Here's a Child's Skull, Showing Their Baby Teeth With The Adult Teeth Above them!

  • ClimateChangeAnxiety [he/him, they/them]
    ·
    3 years ago

    I’ve never understood this. The reasoning I was always told for why we have baby teeth is because adult teeth are too big to fit in our small child heads. But they’re already there! How does adding even more teeth help solve that problem??

    • emizeko [they/them]
      ·
      edit-2
      3 years ago

      they aren't too big to fit in our small child heads, but they are too big to fit in our small child jaws

      Our teeth are responsible for more than just helping us chew our food. They are also responsible for maintaining the shape and structure of our jaw. So then why do we need two sets of teeth for it? This is because our permanent set of 32 adult teeth are simply too big for a baby's jaw.

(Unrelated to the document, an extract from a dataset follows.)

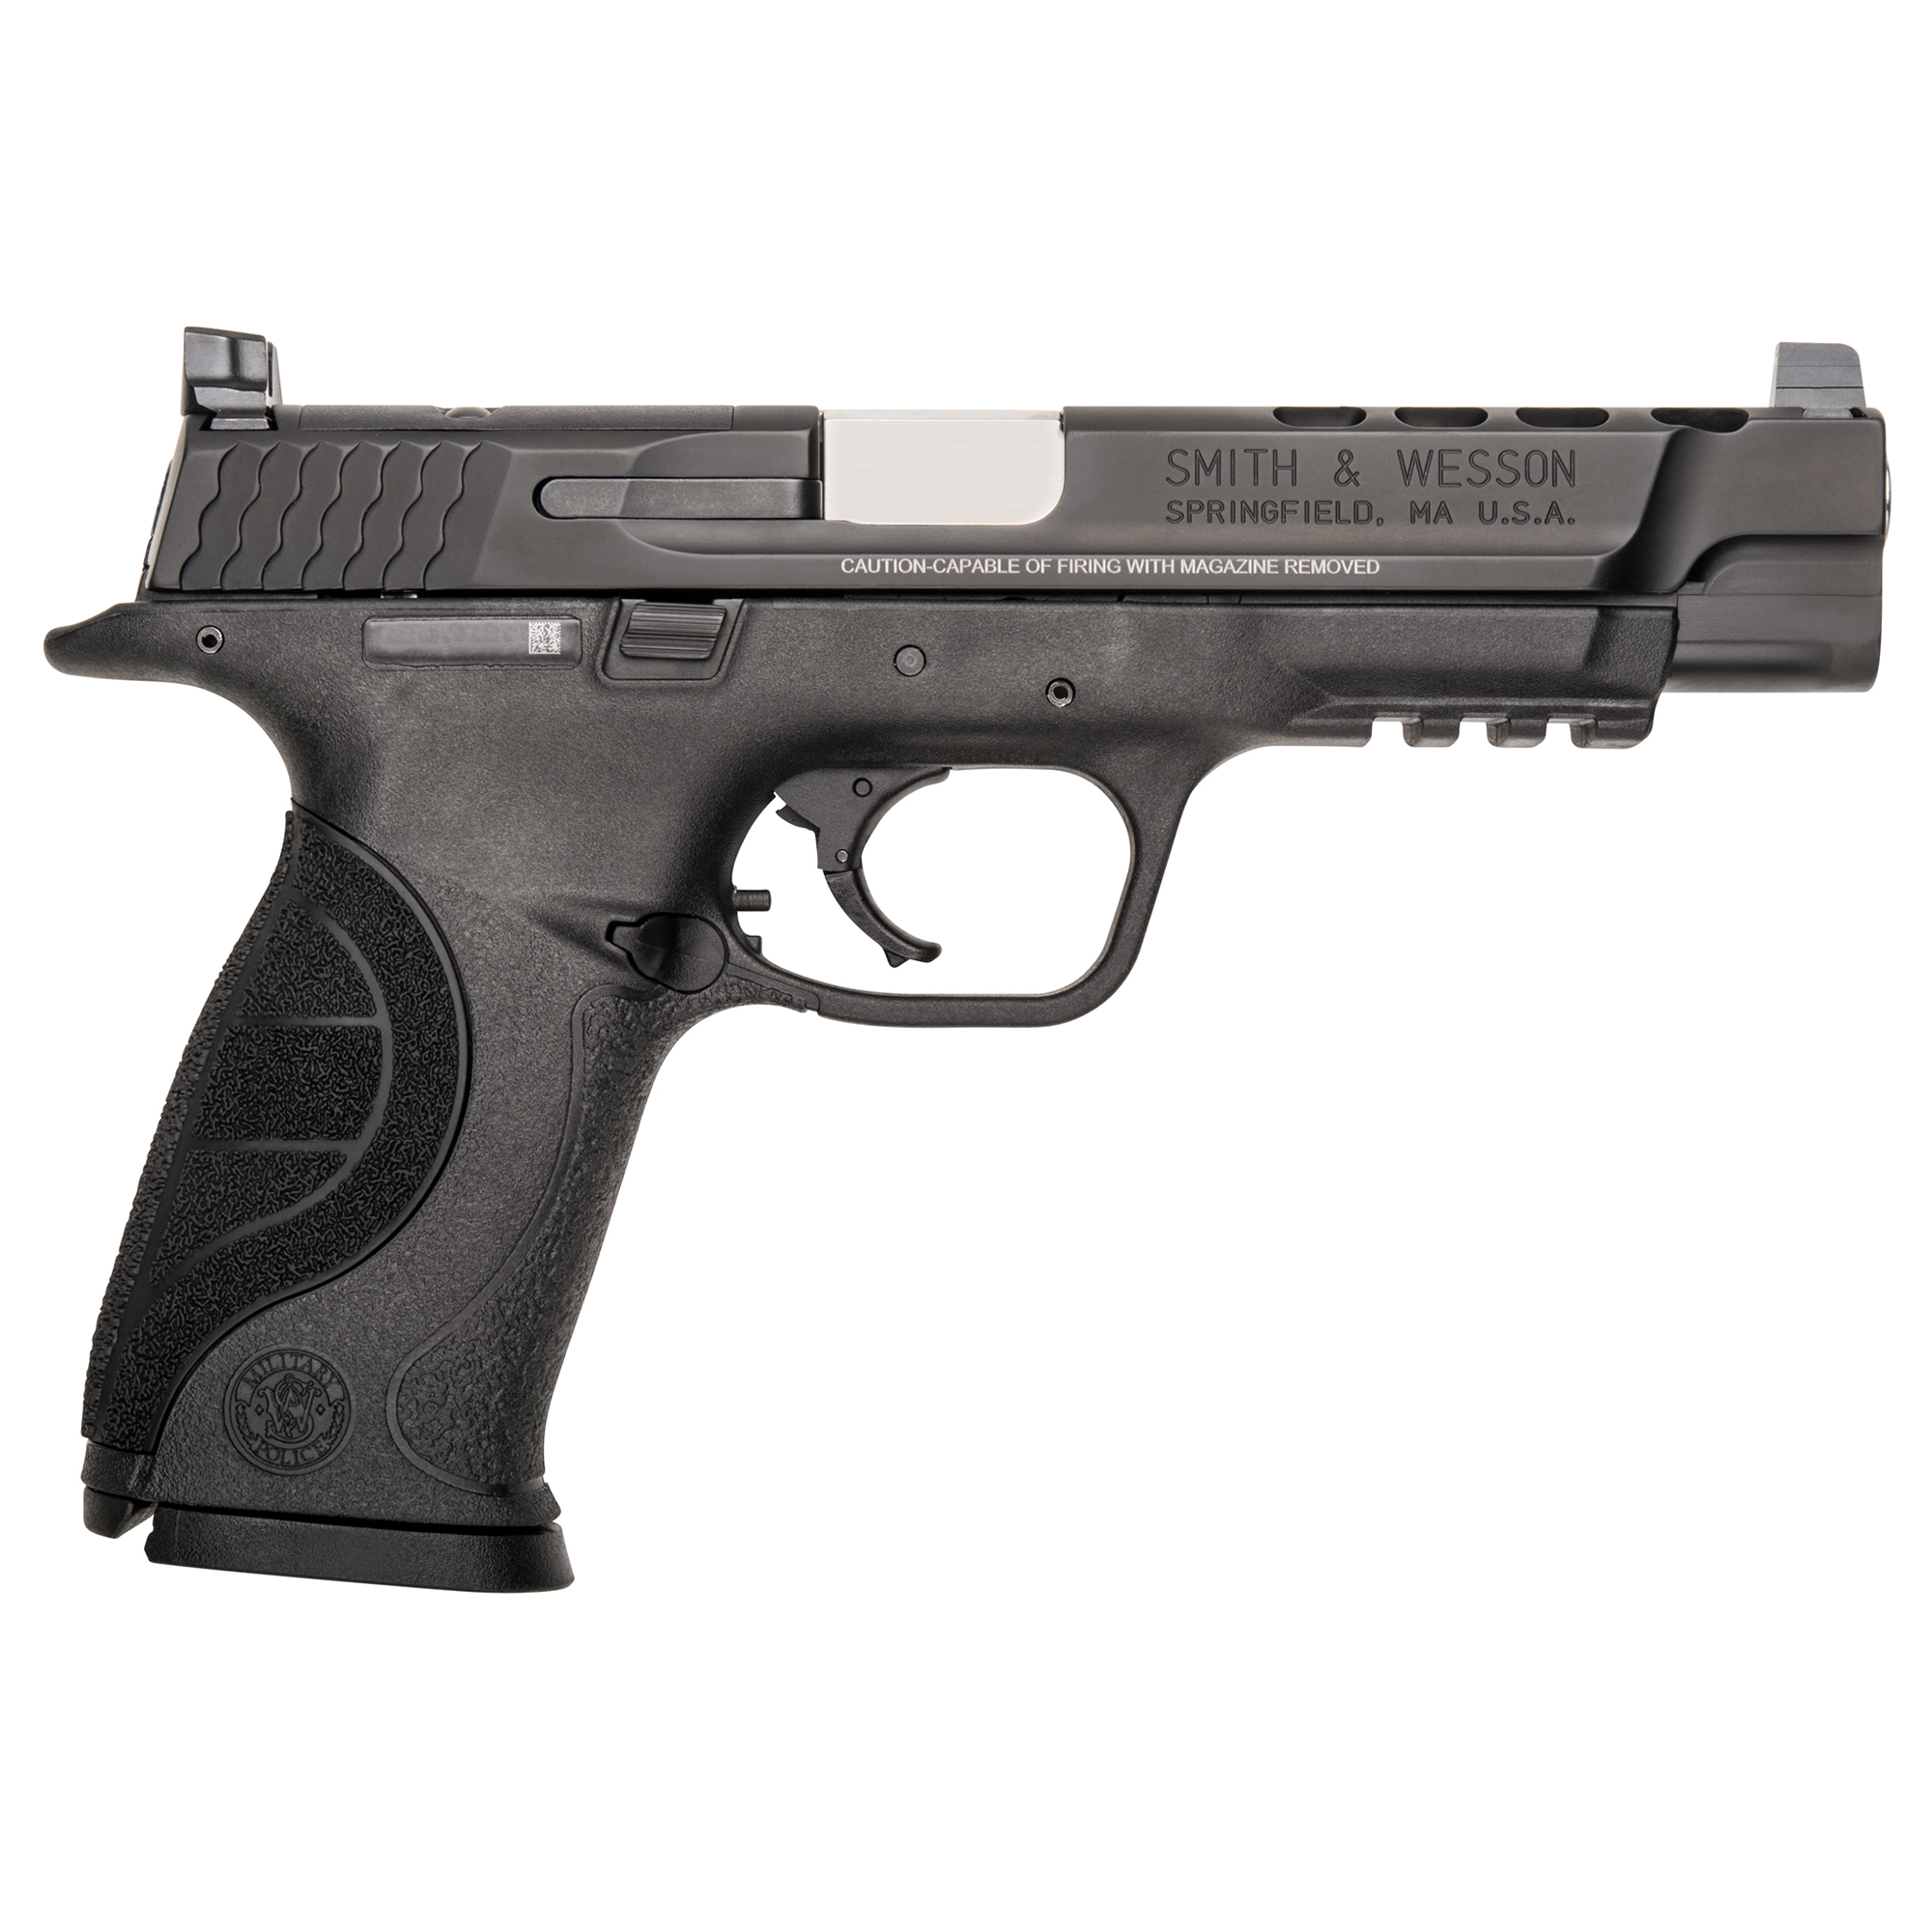 Smith & Wesson M & P9 Performance Center Ported Handgun

      That's why we have the initial baby teeth to ensure proper structure of our jaw, speech development, and easy chewing of food during our childhood. Once our jaw is set and the skull has stopped growing, the baby teeth start to fall out and the adult teeth start coming in.

      Another reason why we have two sets of teeth is that our teeth can't actually grow. Once they are fully developed, they stay the same size and can not grow bigger or longer like our nails or hair. That's why we need two sets of teeth to accommodate the change in our jaw sizes over time without hampering our ability to use our teeth.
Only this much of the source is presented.